▸ **Required work**
Reproduce the listing exactly and skip over any pictures.

===== Given information

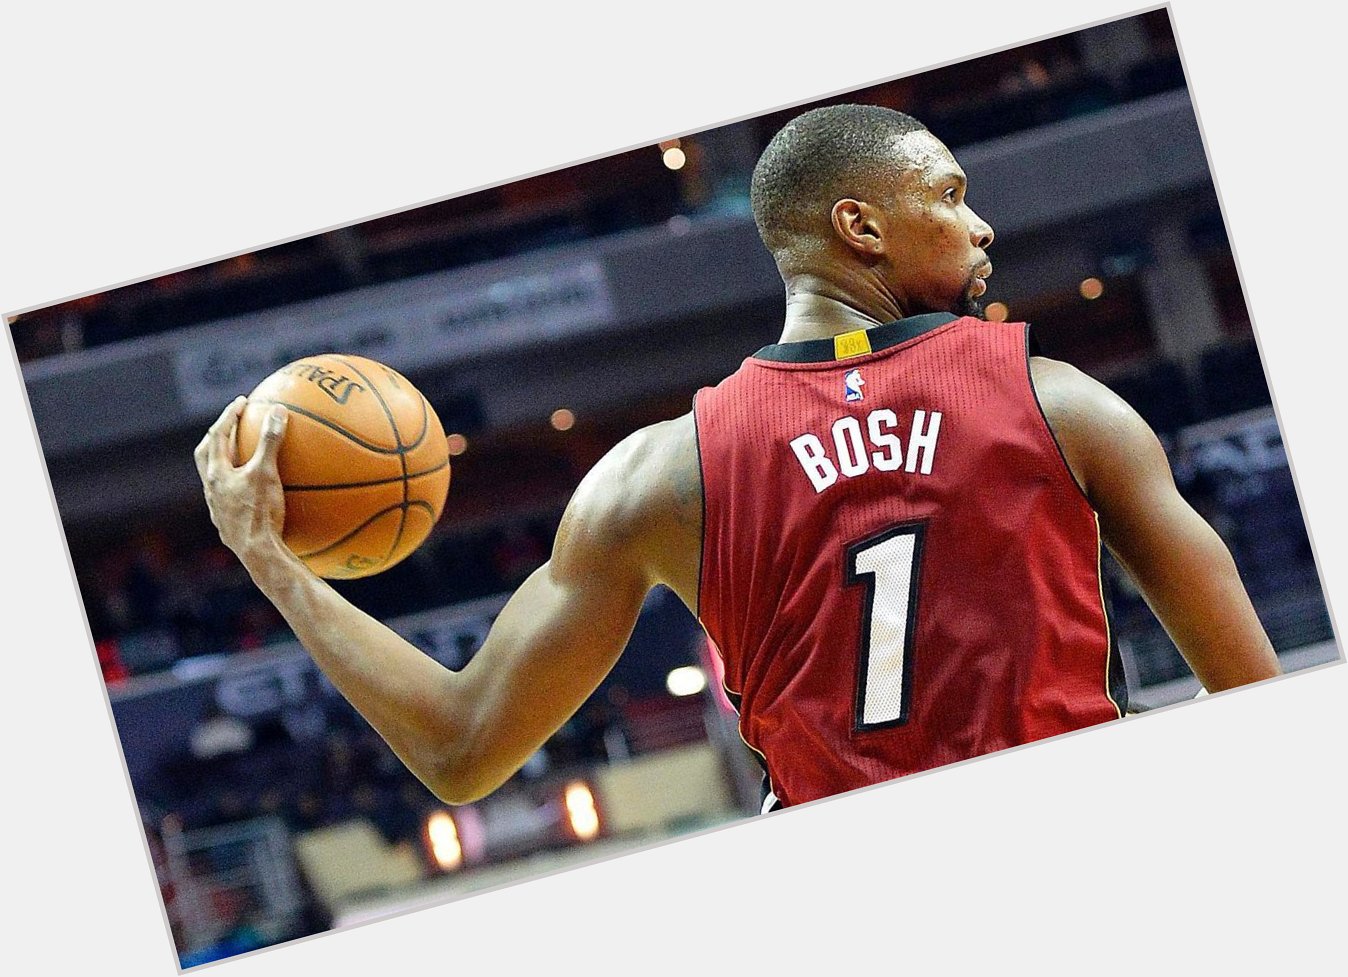 Happy Birthday to the most underrated player in NBA history, Chris Bosh 
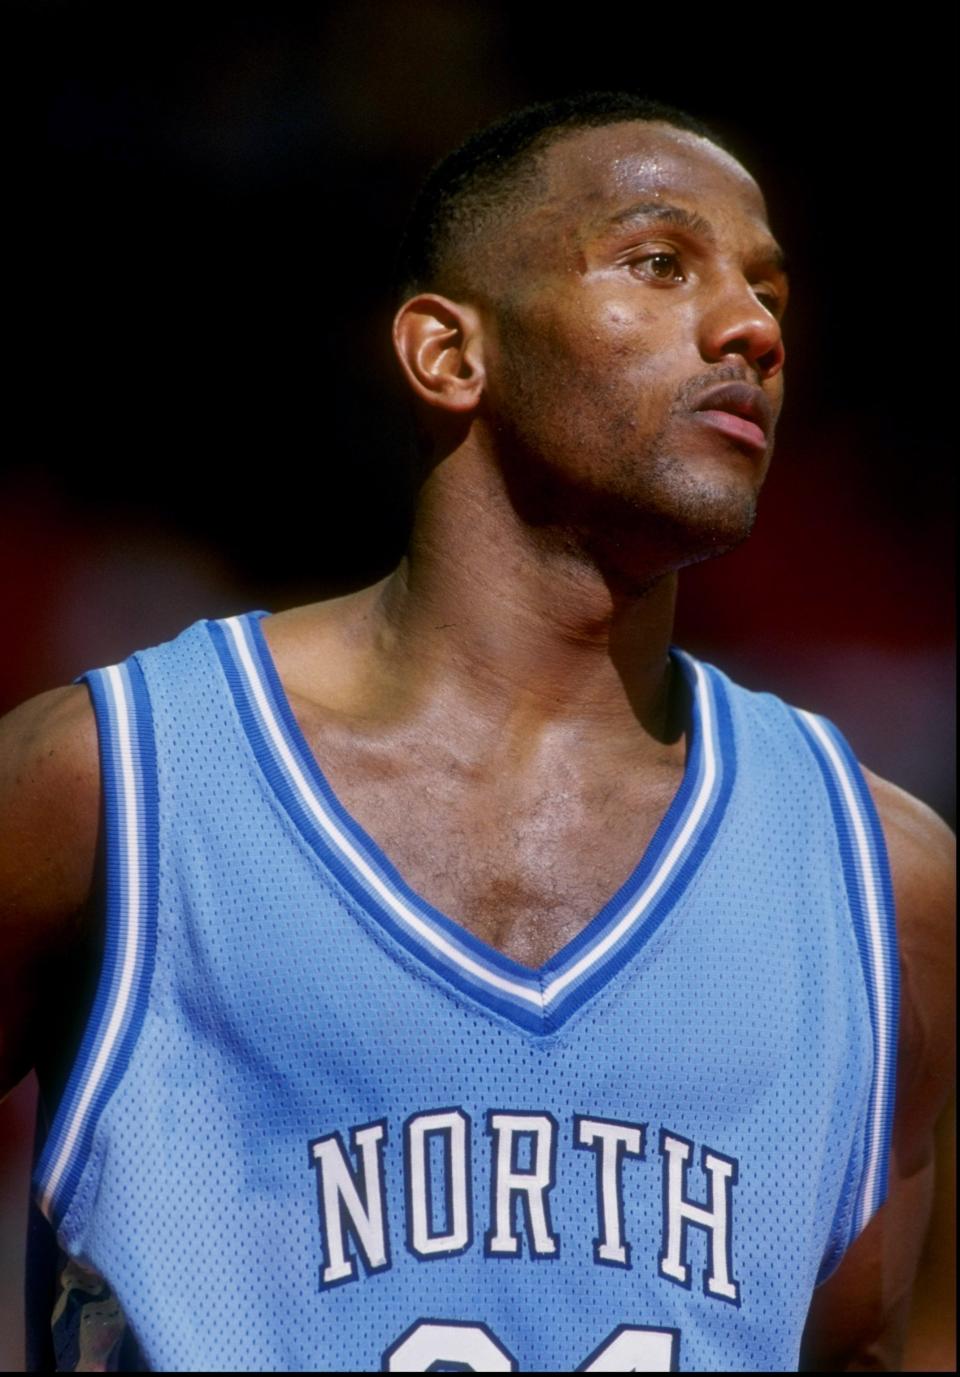 George Lynch of the North Carolina Tar Heels stands on the court during a game against the Maryland Terrapins at the Cole Field House in College Park, Maryland. Doug Pensinger /Allsport
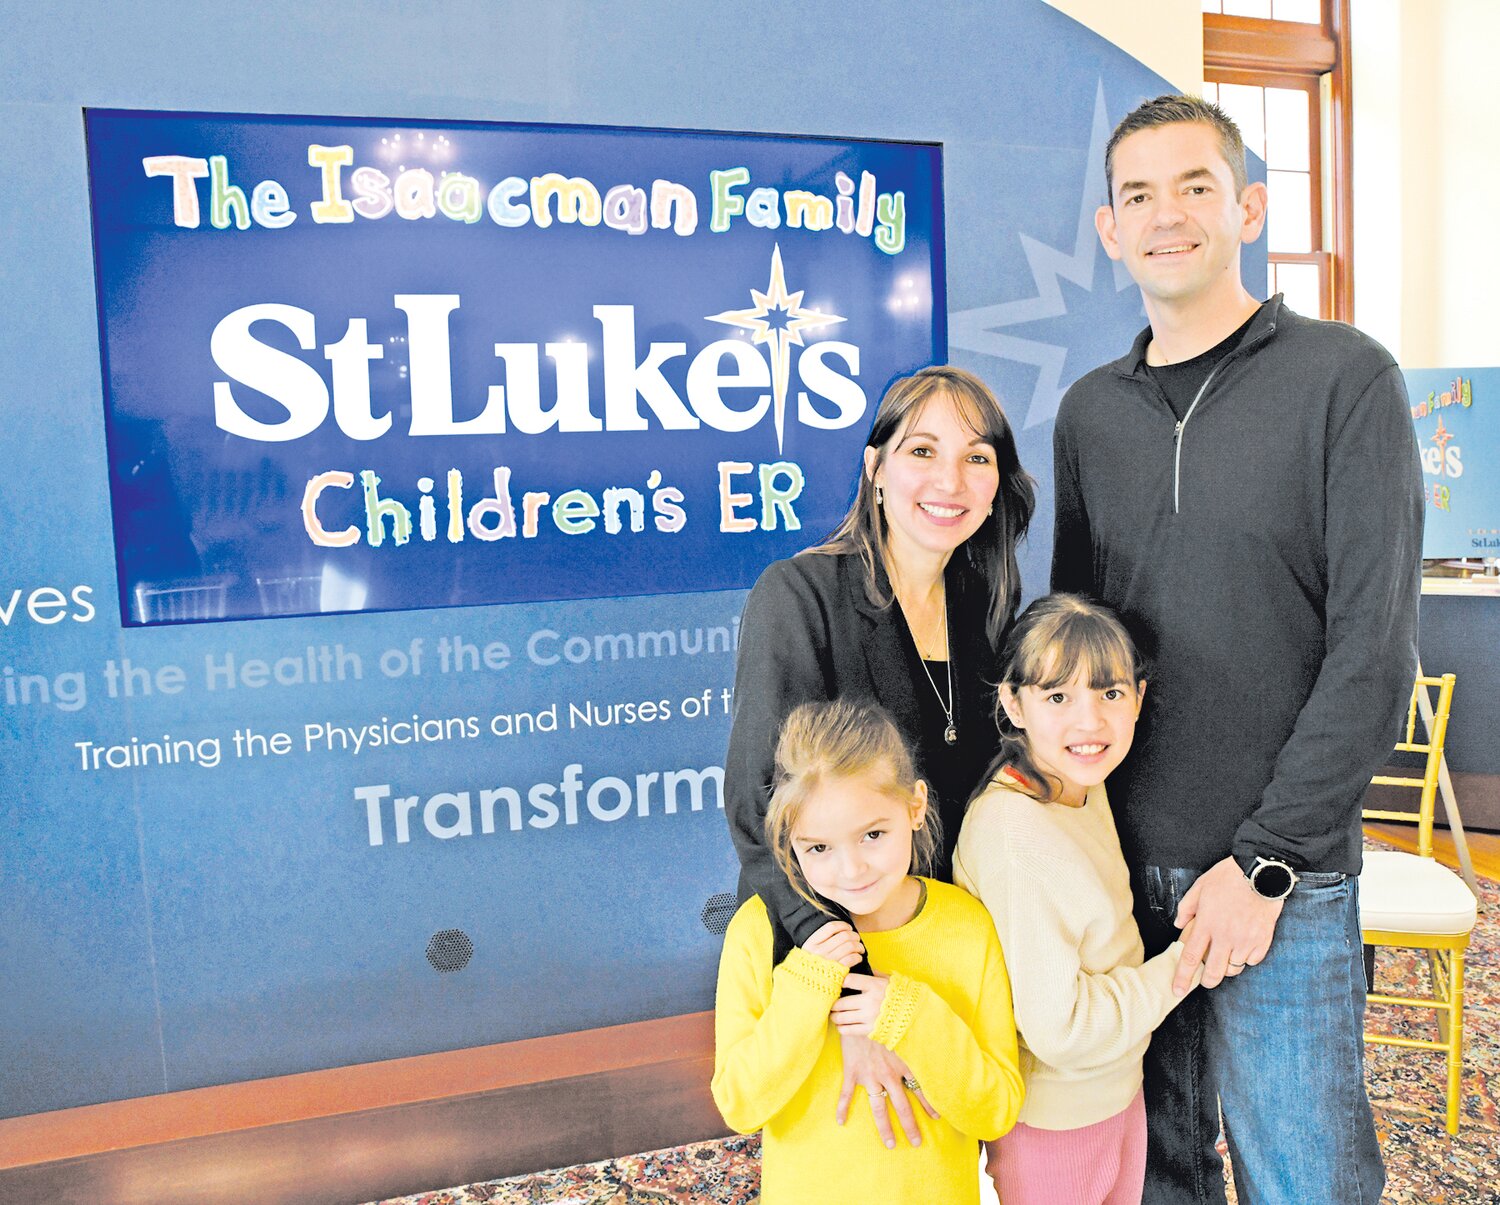 Jared and Monica Isaacman and their children at the Oct. 16 dedication of the new Isaacman Family Children’s Emergency Room at St. Luke’s Children’s Hospital in Bethlehem.
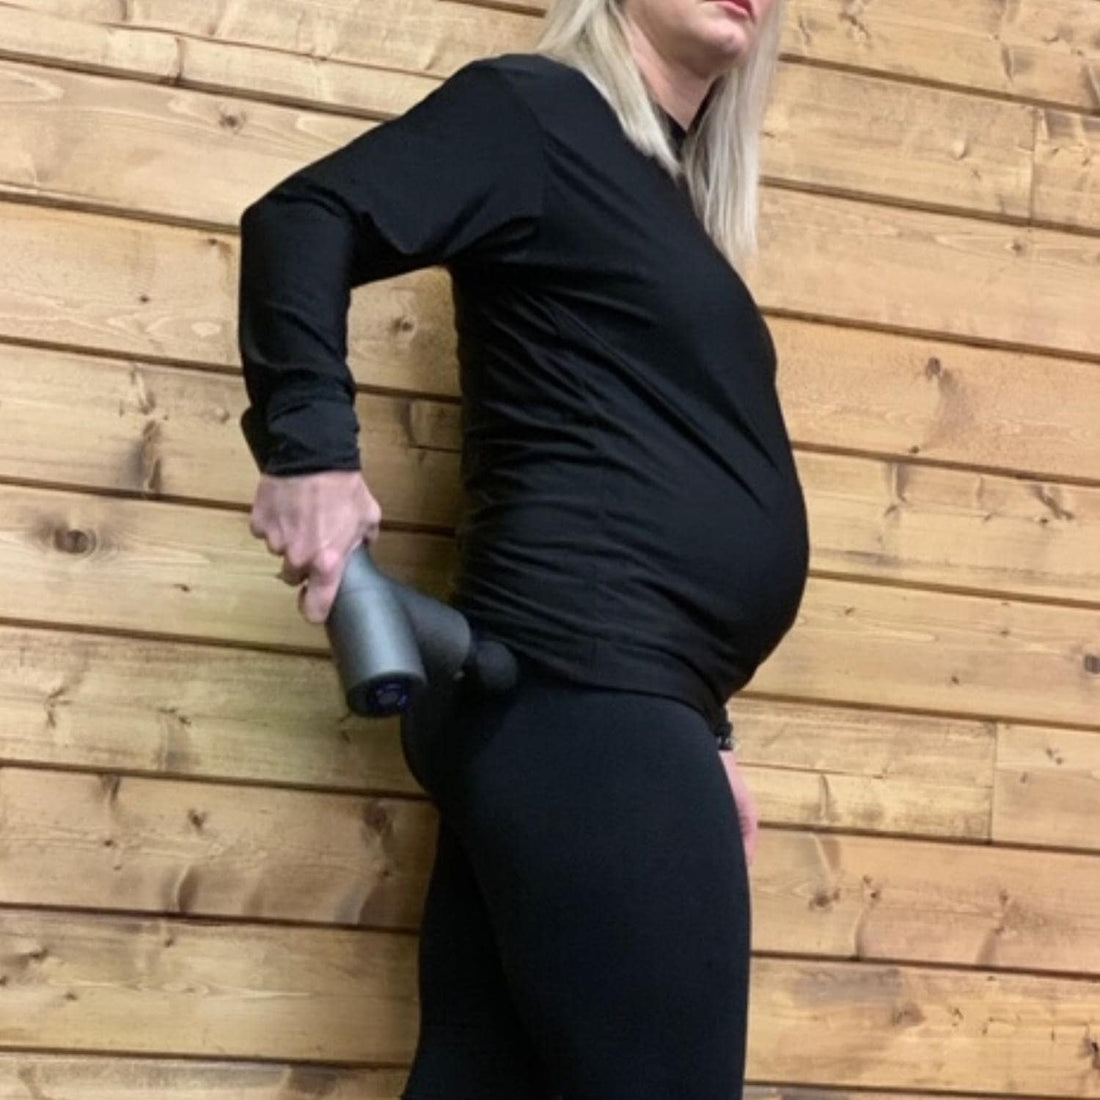 pregnant crossfit mom using percussion massager to relax image

==========

▸ **Solution to the exercise**
 Happy Birthday to the most underrated player in NBA history, Chris Bosh 
 George Lynch of the North Carolina Tar Heels stands on the court during a game against the Maryland Terrapins at the Cole Field House in College Park, Maryland. Doug Pensinger /Allsport
 Jared and Monica Isaacman and their children at the Oct. 16 dedication of the new Isaacman Family Children’s Emergency Room at St. Luke’s Children’s Hospital in Bethlehem.
 pregnant crossfit mom using percussion massager to relax image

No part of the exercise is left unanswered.